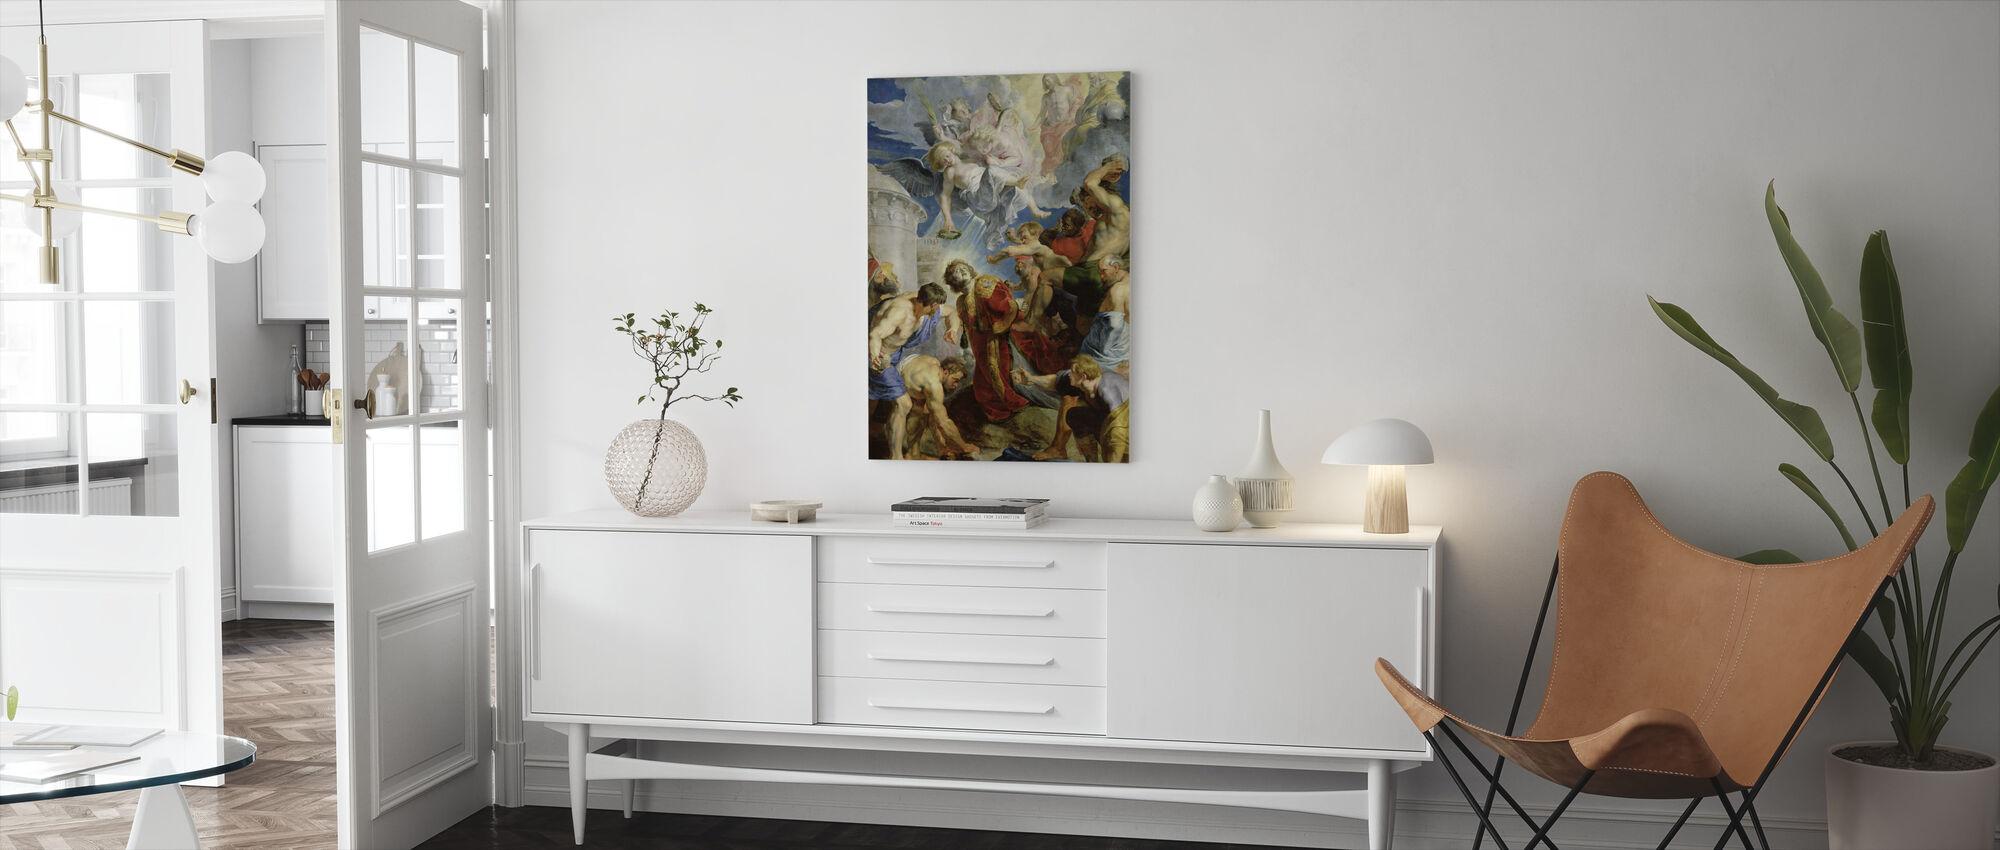 Stoning of St. Stephen - Peter Rubens - Canvas print - Living Room
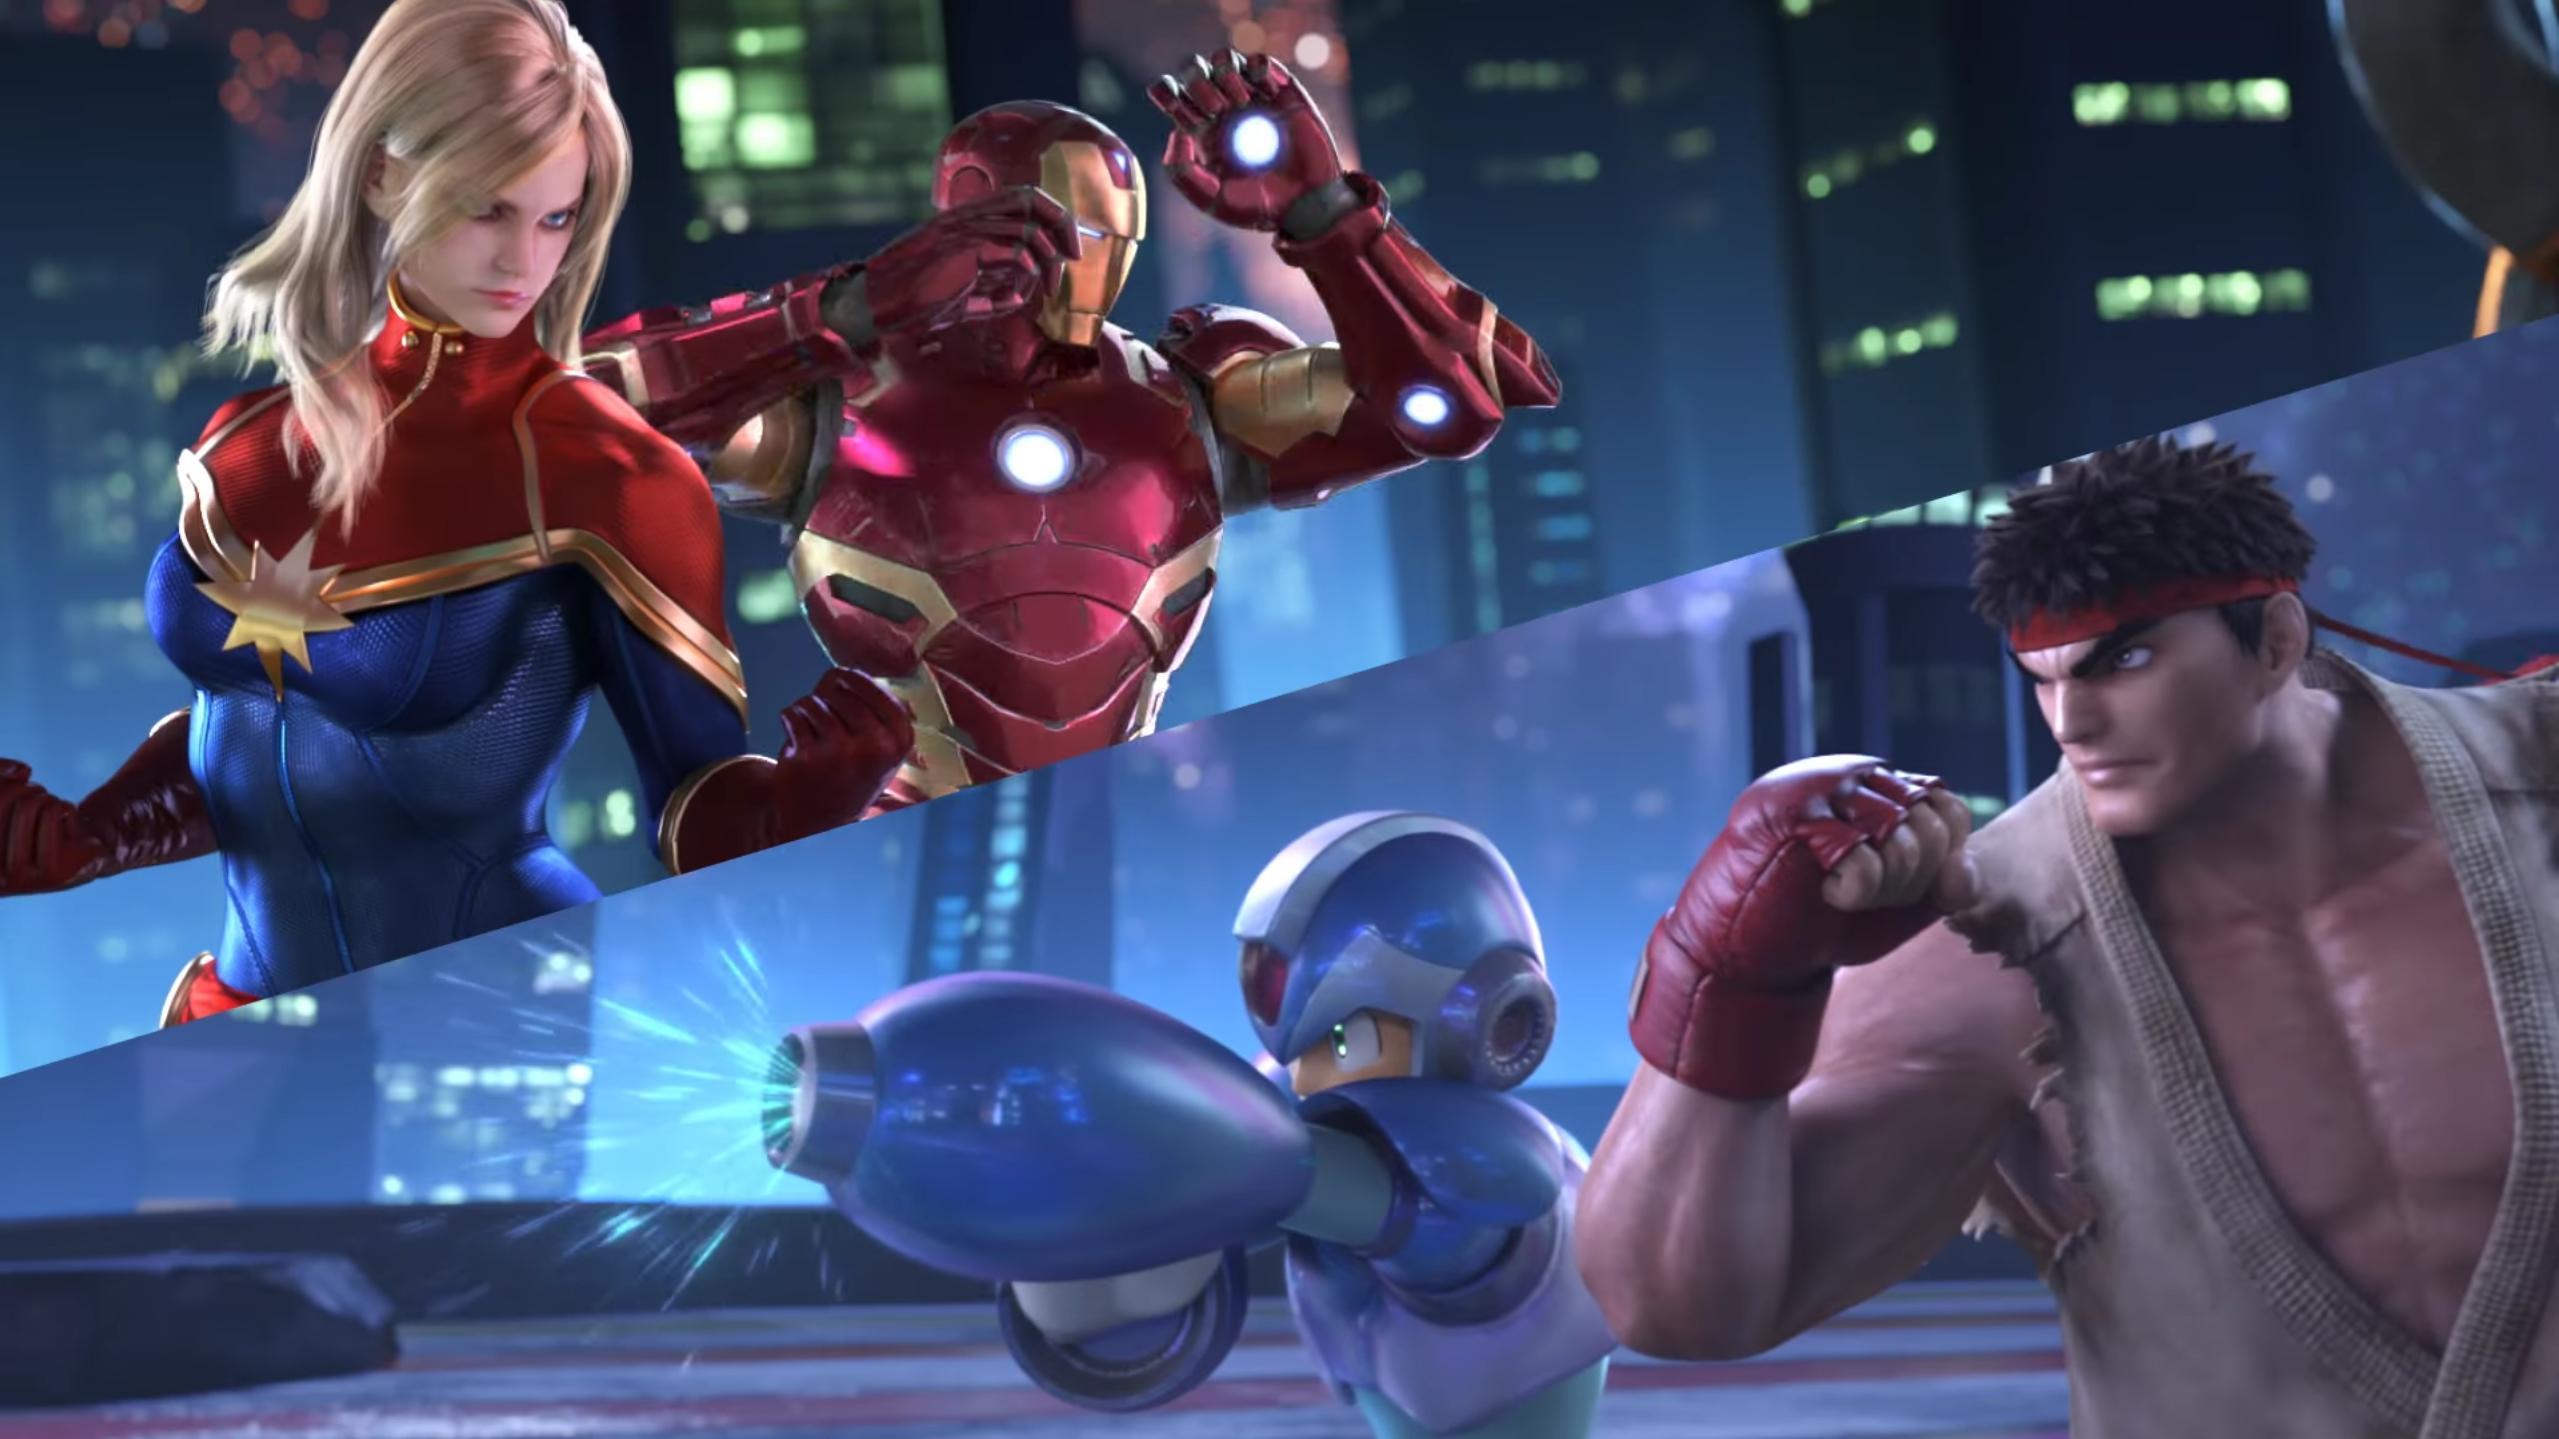 Marvel vs Capcom: Infinite revealed, coming to PC next year
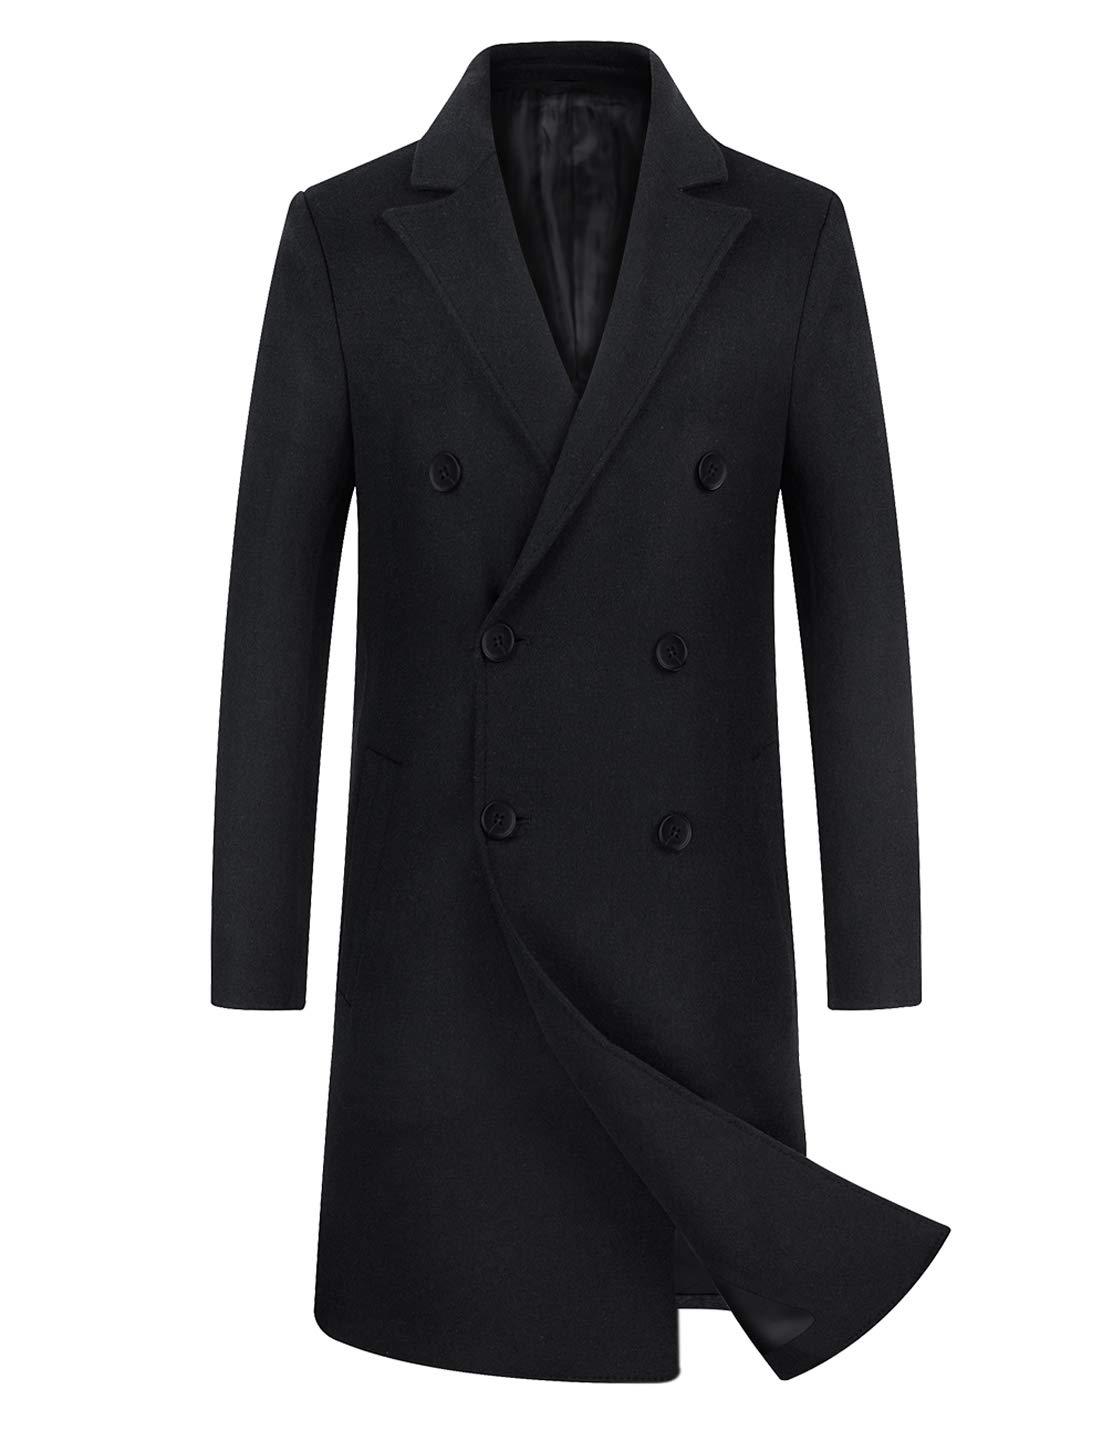 zeetoo Men's Wool Trench Coat Winter Slim Fit Wool Jacket Long Peacoat Overcoat Black Double-Breasted XX-Large by zeetoo

○ ○ ○ ○ ○

▶ [WHAT IS BEING ASKED] Could you write out every line above exactly as it stands, with no images?

▶ [RESULT OF THIS EXERCISE]
 Stoning of St. Stephen - Peter Rubens - Canvas print - Living Room
 Marvel vs Capcom: Infinite revealed, coming to PC next year
 zeetoo Men's Wool Trench Coat Winter Slim Fit Wool Jacket Long Peacoat Overcoat Black Double-Breasted XX-Large by zeetoo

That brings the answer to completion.